It will come as no surprise to regular visitors to this blog, but for those who don’t know – I am a knitter. I enjoy it so much, I made the heroine of my latest novel a knitter so she could share my hobby.
I find knitting relaxing. It helps with the RSI after all day using a computer keyboard and I get a real thrill when I finish a project, particularly if someone says it looks nice.
And let’s not forget I am Australian. For a very long time it was said Australia rides on the sheep’s back. The wool industry has always been an important part of rural Australian life.
But for an Australian, the wool industry had always conjured up vast sweeping outback paddocks littered with thousands of sheep.

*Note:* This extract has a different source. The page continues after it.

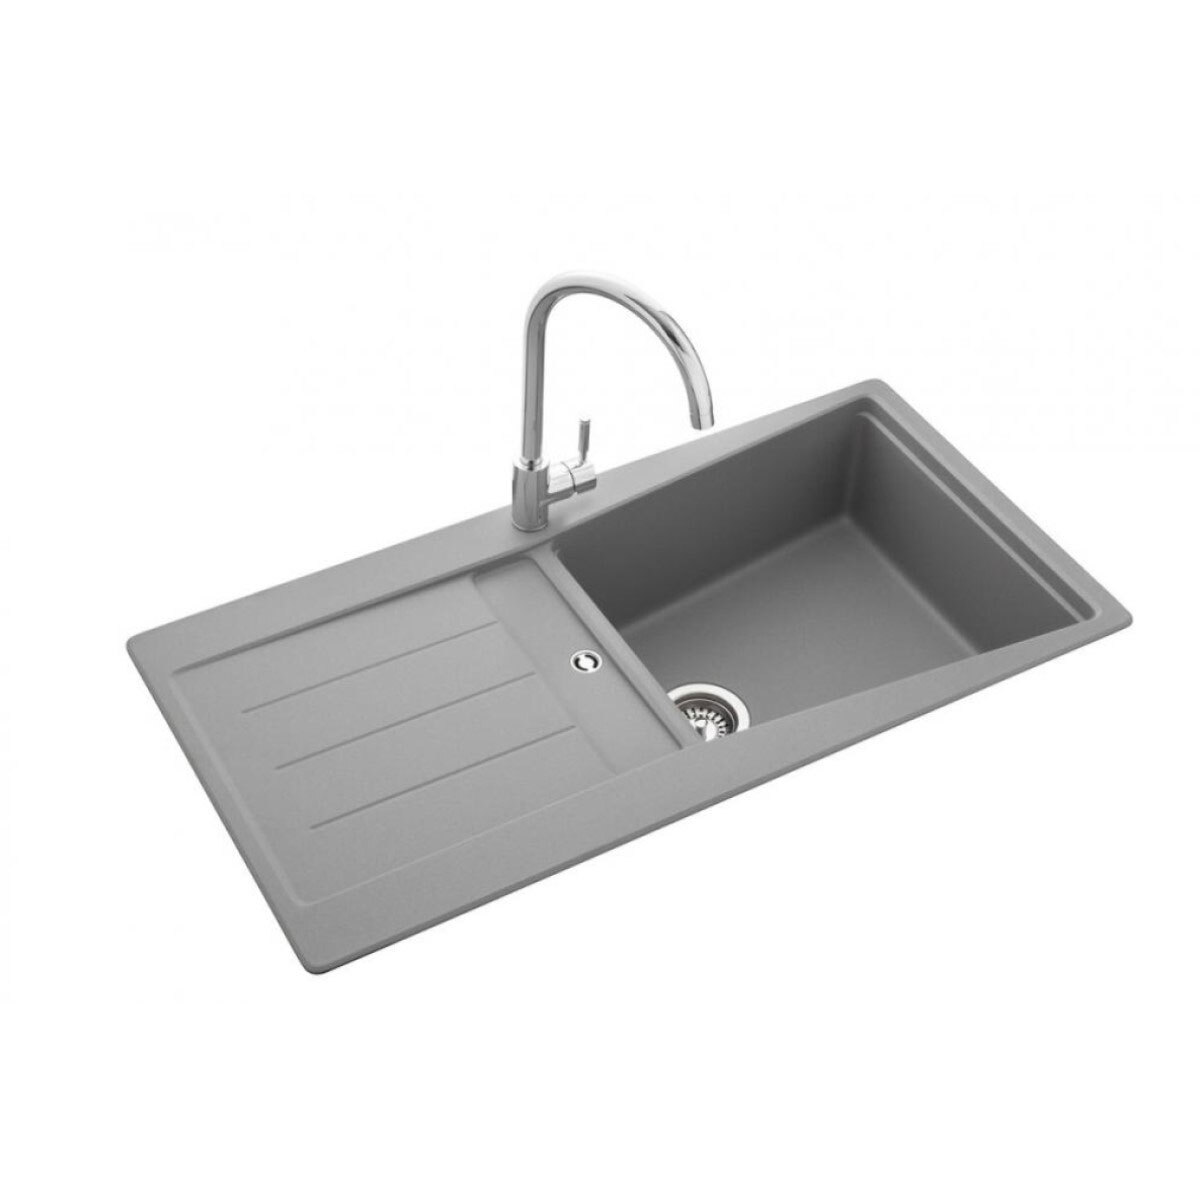 Cut out image of sink on white background

And shearing sheds stripping the wool for export.
In UK, however, the story is somewhat different, as I found out in a visit to the National Wool Museum in Wales.

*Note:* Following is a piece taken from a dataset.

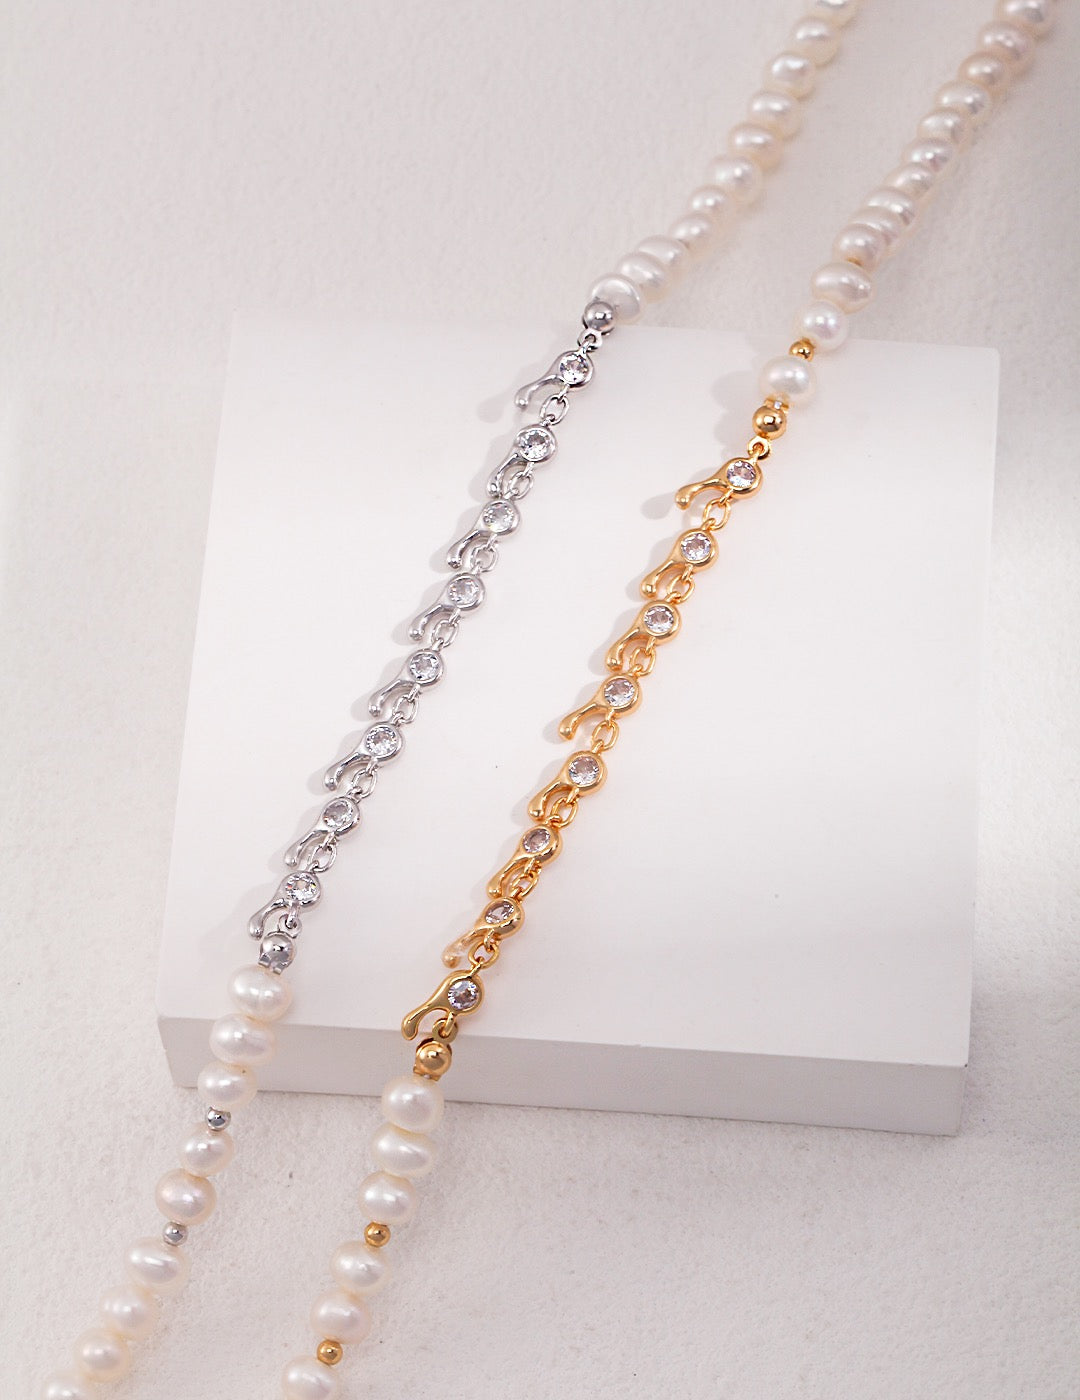 Pearlescent Opulence Shimmer Necklace, a true embodiment of elegance - Delight in its iridescent glow, oozing sophistication - Elevate your style and radiate charm effortlessly -  S925 Sterling Silver with 18K Gold Vermeil - Pearl Luminance  - The epitome of elegance and luxury

This small but really fascinating museum is housed in the listed buildings of the former Cambrian Mills and tells the story of spinning and weaving industry, from early days as a cottage industry through the industrial revolution.

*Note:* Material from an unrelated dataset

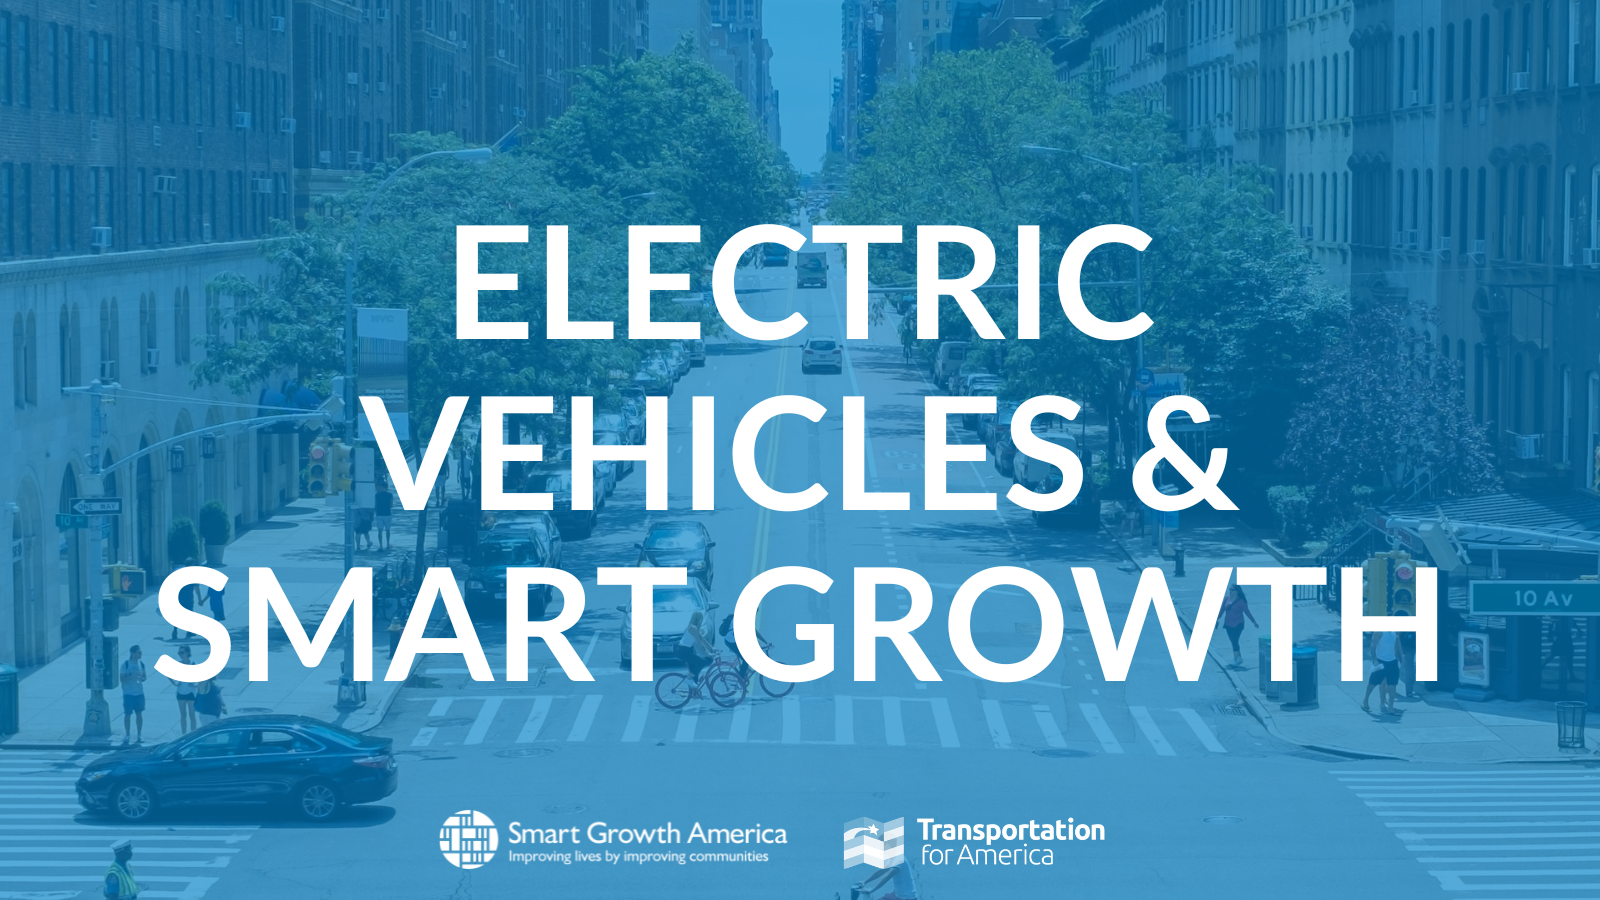 Electric vehicles & smart growth

How very different this picture is to the open Australian plains. While our stockmen and shearers toiled in terrible heat, British textile workers struggled in cramped dark and noisy mills, breathing in the deadly fibres.
At the Wool Museum has preserved machines of that era and kept them in working order… which gave me a chance to shoot a few seconds of video…
Quite apart from the noise of the machines, look at the speed of those shuttles. If one hit a worker (and I’m sure they must have from time to time) there would be serious injuries as a result.
I was fascinated by the fact that only one of the men doing the demonstration wore ear protection. I felt like my ears were ringing after just a few minutes in the room. In Victorian times, workers were deafened by working long hours in this terrible din.
The machines still spin wool and make fabrics in the traditional way – and the colours and fabric patterns produced today are the same as they have been for generations…
Which if course took me to the shop – where I bought wool spun on those preserved spinning mules.
Because you can’t have too much wool standing by for the next knitting project.